- [What to produce]:
Line count for "Photo": tally the lines of the records below that contain it, and give only that number.

————————

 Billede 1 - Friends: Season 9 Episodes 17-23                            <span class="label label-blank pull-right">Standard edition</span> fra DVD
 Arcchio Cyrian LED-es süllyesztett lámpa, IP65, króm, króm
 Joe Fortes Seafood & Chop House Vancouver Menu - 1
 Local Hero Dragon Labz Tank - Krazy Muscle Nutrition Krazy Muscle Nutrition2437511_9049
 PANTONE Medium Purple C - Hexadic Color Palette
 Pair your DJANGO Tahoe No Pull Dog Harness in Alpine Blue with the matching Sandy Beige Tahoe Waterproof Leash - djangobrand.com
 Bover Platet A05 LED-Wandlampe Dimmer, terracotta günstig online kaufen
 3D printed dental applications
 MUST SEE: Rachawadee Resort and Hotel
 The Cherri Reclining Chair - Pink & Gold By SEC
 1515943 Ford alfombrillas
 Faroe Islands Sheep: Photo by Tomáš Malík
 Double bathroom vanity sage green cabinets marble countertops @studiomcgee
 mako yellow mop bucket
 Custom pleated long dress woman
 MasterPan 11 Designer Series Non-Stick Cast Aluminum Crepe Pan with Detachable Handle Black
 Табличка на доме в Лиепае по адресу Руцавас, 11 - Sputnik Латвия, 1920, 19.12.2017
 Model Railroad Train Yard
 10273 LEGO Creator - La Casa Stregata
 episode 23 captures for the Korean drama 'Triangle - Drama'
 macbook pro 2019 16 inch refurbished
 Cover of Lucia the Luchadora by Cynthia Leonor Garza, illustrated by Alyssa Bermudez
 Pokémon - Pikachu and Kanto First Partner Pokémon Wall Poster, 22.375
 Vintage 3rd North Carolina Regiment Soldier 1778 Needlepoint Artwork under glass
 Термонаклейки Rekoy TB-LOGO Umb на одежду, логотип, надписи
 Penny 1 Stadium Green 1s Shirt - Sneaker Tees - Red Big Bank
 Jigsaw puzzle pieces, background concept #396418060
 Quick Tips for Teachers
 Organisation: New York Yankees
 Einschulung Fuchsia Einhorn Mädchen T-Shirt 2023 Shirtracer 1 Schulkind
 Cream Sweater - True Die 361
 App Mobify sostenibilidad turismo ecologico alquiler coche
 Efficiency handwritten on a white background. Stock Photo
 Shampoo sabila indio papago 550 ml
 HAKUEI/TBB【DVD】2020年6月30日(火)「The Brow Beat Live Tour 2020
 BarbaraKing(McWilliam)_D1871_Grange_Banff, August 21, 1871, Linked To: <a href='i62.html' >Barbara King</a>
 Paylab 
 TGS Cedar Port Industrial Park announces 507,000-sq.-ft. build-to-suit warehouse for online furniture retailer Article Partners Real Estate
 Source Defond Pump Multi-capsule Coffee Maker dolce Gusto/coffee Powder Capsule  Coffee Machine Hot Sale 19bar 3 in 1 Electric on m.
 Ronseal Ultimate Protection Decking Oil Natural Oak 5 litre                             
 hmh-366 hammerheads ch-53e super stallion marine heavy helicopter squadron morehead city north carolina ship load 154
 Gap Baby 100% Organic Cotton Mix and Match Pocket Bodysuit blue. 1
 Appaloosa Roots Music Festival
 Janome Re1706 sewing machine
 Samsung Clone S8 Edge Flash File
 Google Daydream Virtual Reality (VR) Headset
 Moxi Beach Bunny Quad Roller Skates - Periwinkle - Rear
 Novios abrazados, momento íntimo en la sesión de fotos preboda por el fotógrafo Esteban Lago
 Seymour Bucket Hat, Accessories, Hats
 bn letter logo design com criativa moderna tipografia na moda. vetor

————————

- [Worked solution]:
2